Le président de l’Assemblée nationale, Aimé Boji Sangara, a appelé le gouvernement à accroître la mobilisation des recettes publiques, à l’ouverture de la session ordinaire de mars, lundi 16 mars à Kinshasa. Il s’agit d’une priorité qu’il présente comme déterminante pour faire face aux pressions économiques et budgétaires auxquelles est confrontée la République démocratique du Congo.
Dans son allocution, le speaker de la chambre basse a souligné que la question de la maximisation des ressources internes se pose « avec une acuité particulière » dans un contexte économique marqué par deux dynamiques contrastées. D’une part, l’appréciation progressive du franc congolais face au dollar américain, perçue comme un signal de stabilisation macroéconomique.
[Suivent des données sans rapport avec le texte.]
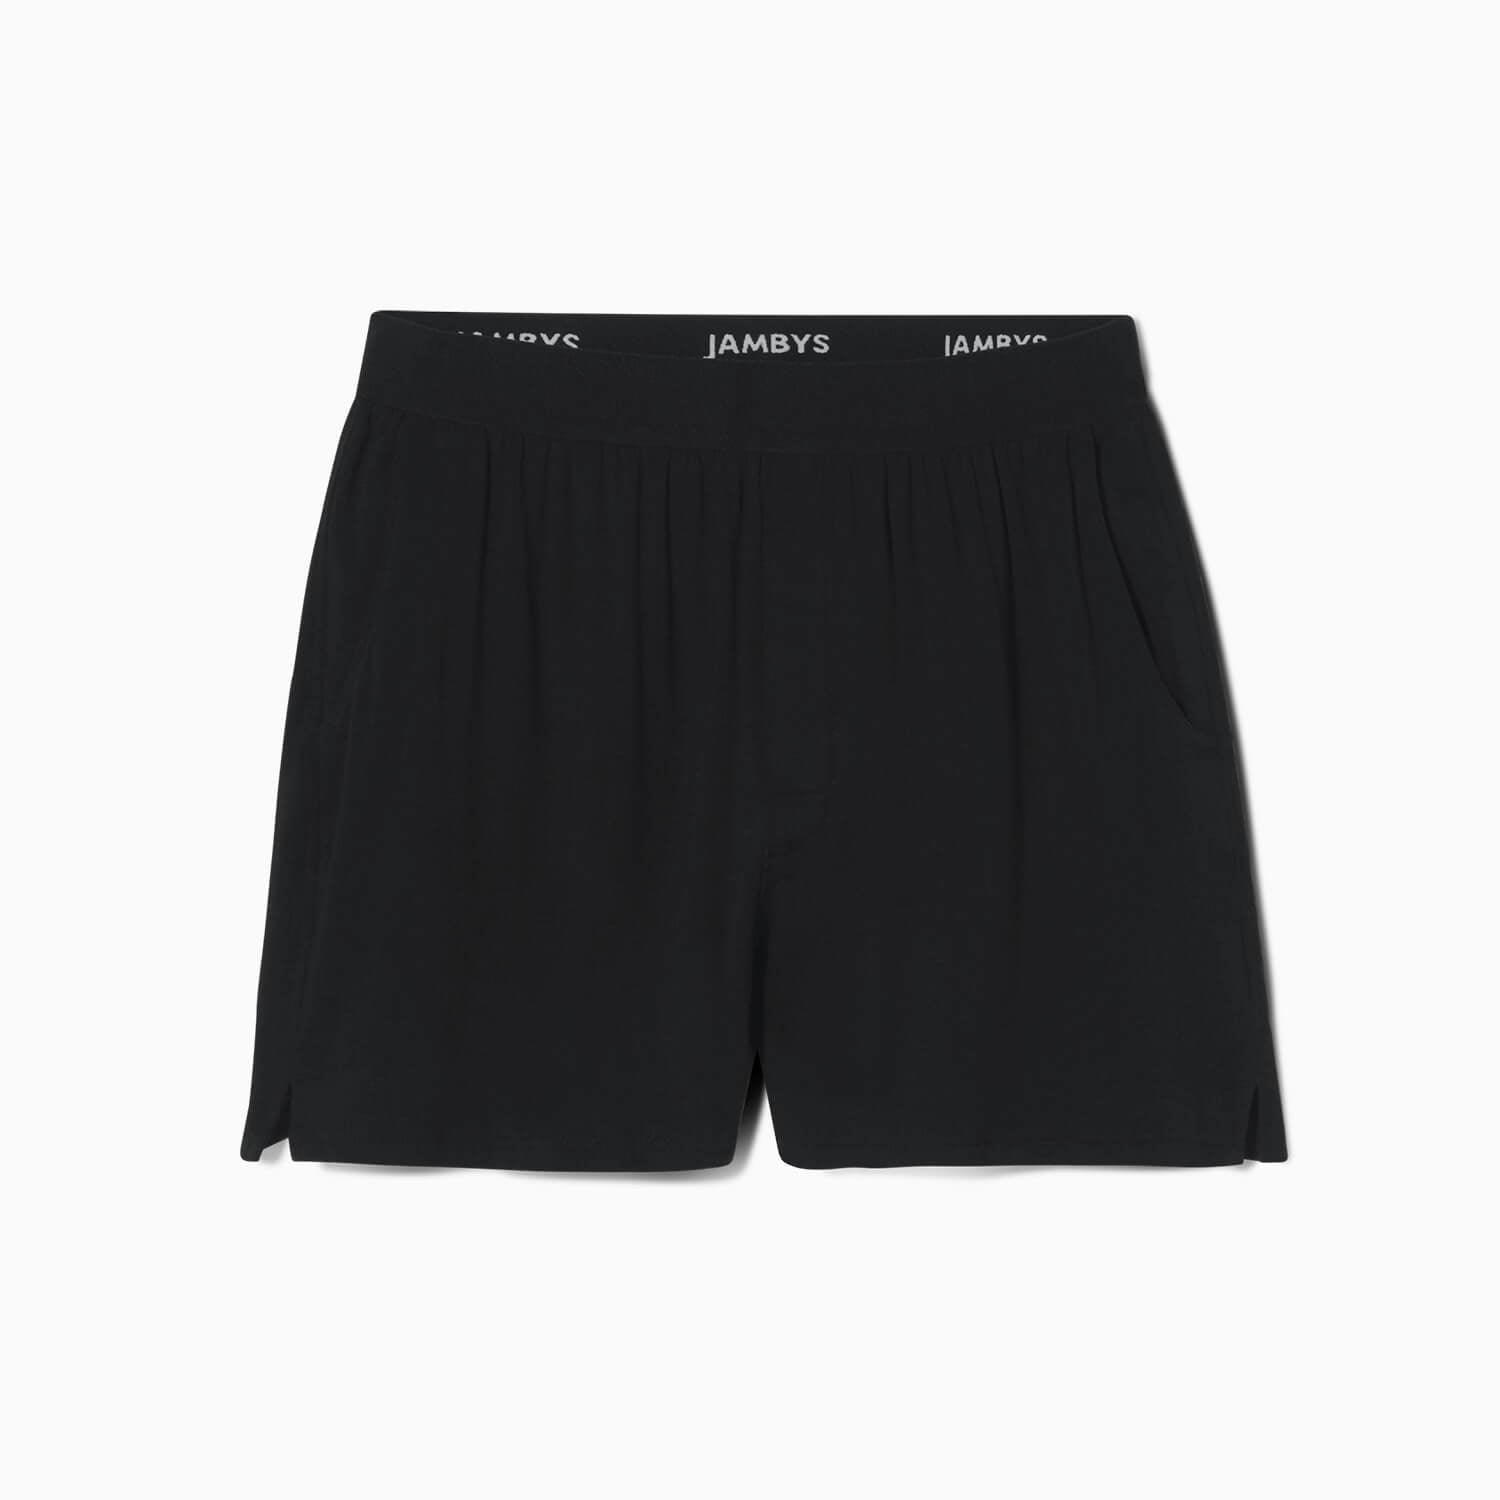 XS Mint Boxer Shorts - 30 Waist Sleek Fit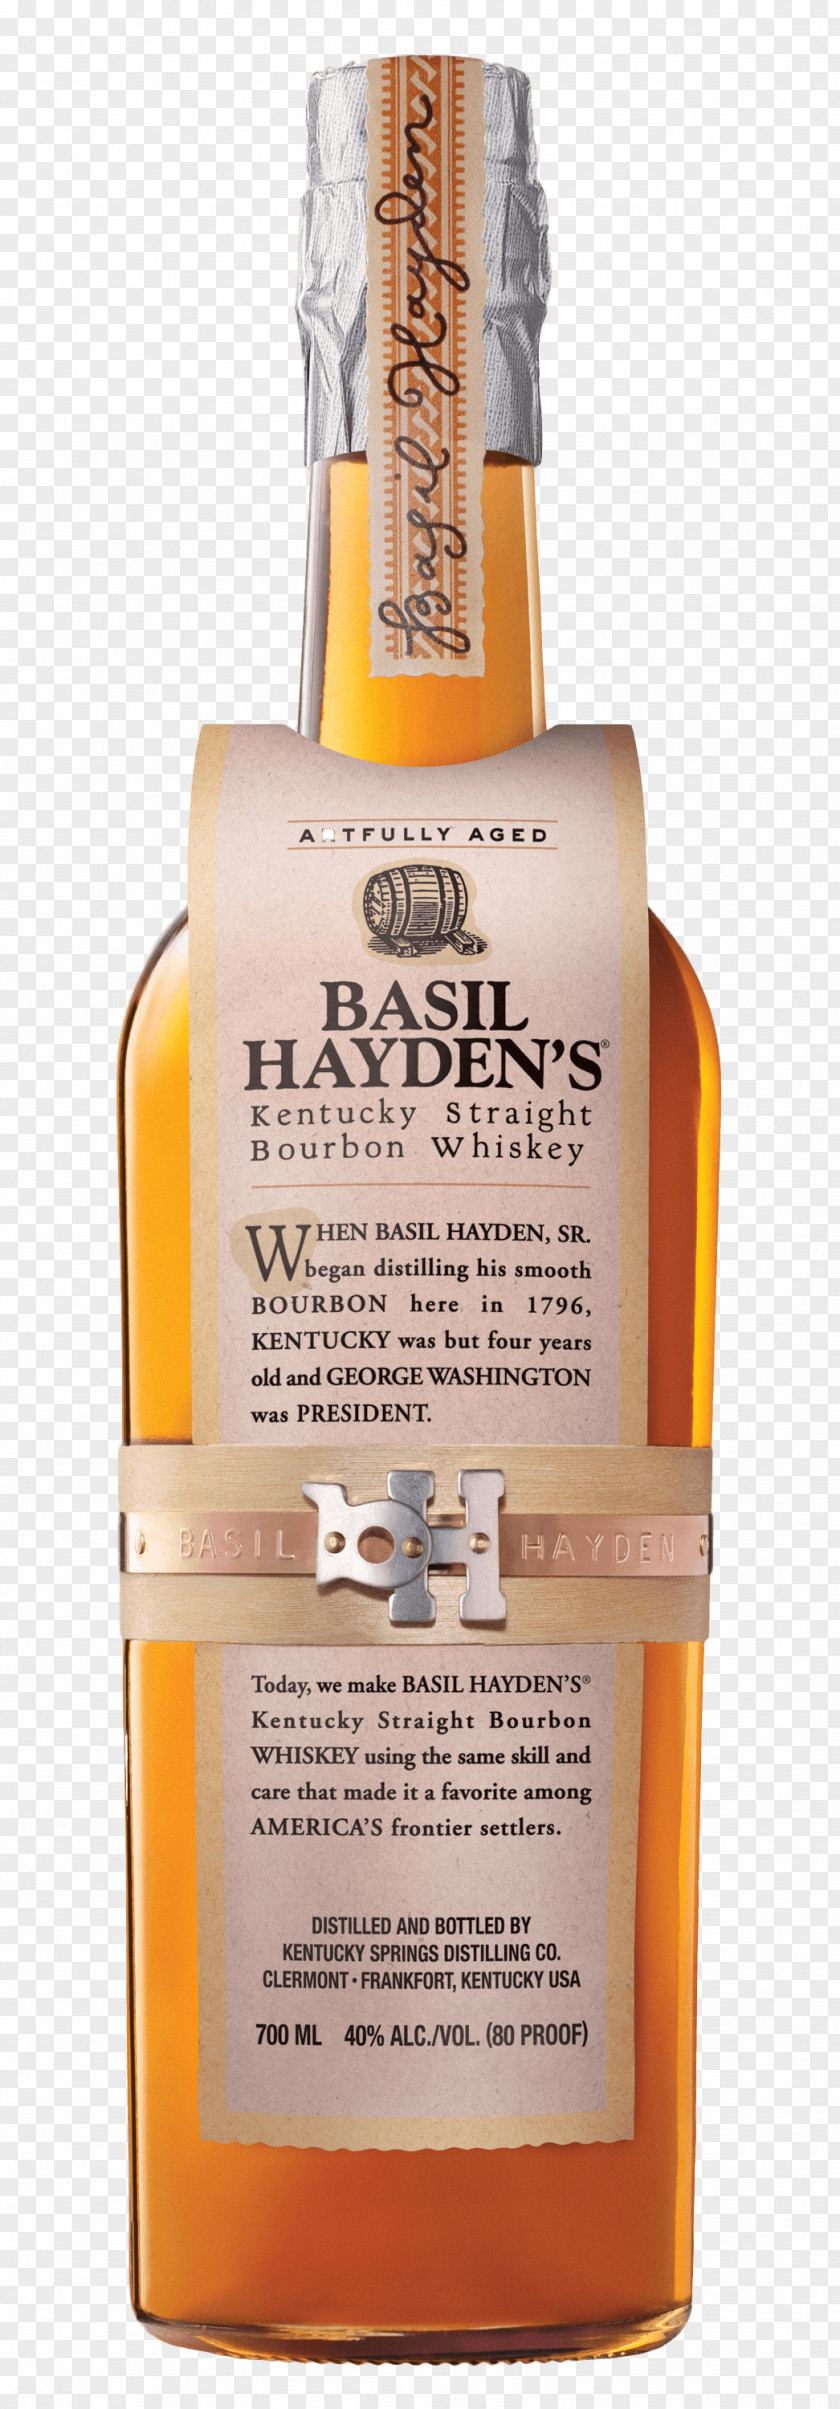 Whisky.png Basil Hayden's Bourbon Whiskey Rye Distilled Beverage PNG

D’autre part, le réaménagement temporaire des recettes issues du secteur minier — dont une part significative est libellée en devises — qui impose des ajustements budgétaires accrus.
« La mobilisation accrue des recettes publiques demeure l’un des défis majeurs de la gouvernance économique », a déclaré Aimé Boji Sangara. « La maximisation des ressources internes constitue une condition essentielle pour financer les politiques publiques, renforcer les services sociaux de base et soutenir les investissements structurants », a-t-il ajouté.
Ce défi intervient alors même que les perspectives du marché international du cobalt — minerai stratégique dont la RDC détient plus de 60 % des réserves mondiales — connaissent une amélioration, portée notamment par la politique de rétention des stocks mise en œuvre par le gouvernement depuis plus d’une année afin de soutenir les prix.
Dans ce contexte, le président de l’Assemblée nationale a exhorté l’exécutif à mettre en place des mécanismes « innovants et rigoureux » de mobilisation des ressources internes, susceptibles d’atténuer la dépendance aux fluctuations du secteur extractif. Il a également insisté sur la nécessité de renforcer la lutte contre la fraude, l’évasion fiscale, la corruption et les circuits informels.
Sur le plan budgétaire, Aimé Boji Sangara a invité le gouvernement à soumettre au Parlement un projet de loi de finances rectificative pour l’exercice 2026, afin d’ajuster les prévisions aux réalités économiques et aux priorités nationales. Il a, à cet égard, appelé à une vigilance accrue dans l’exécution des dépenses publiques, en mettant un accent particulier sur la rémunération des agents de l’État, tout en veillant à l’efficacité des dépenses en capital destinées à soutenir la croissance.
Par ailleurs, il a assuré que l’Assemblée nationale entend jouer pleinement son rôle de contrôle, à travers un suivi rigoureux de l’exécution budgétaire, en appui aux efforts du gouvernement en matière de mobilisation des recettes.
Dans cette dynamique, le président de la chambre basse a annoncé l’organisation, le 10 juin prochain, du tout premier débat d’orientation budgétaire. Cette initiative vise à permettre aux députés d’examiner en amont les grandes orientations de la politique budgétaire, sur la base des cadres budgétaires à moyen terme 2027-2029, avant l’élaboration du projet de loi de finances 2027.
Présentée comme une avancée en matière de transparence et de redevabilité, cette réforme devrait également renforcer la qualité des investissements publics, notamment à travers l’intégration de projets socio-économiques à impact visible, identifiés par les députés dans leurs circonscriptions.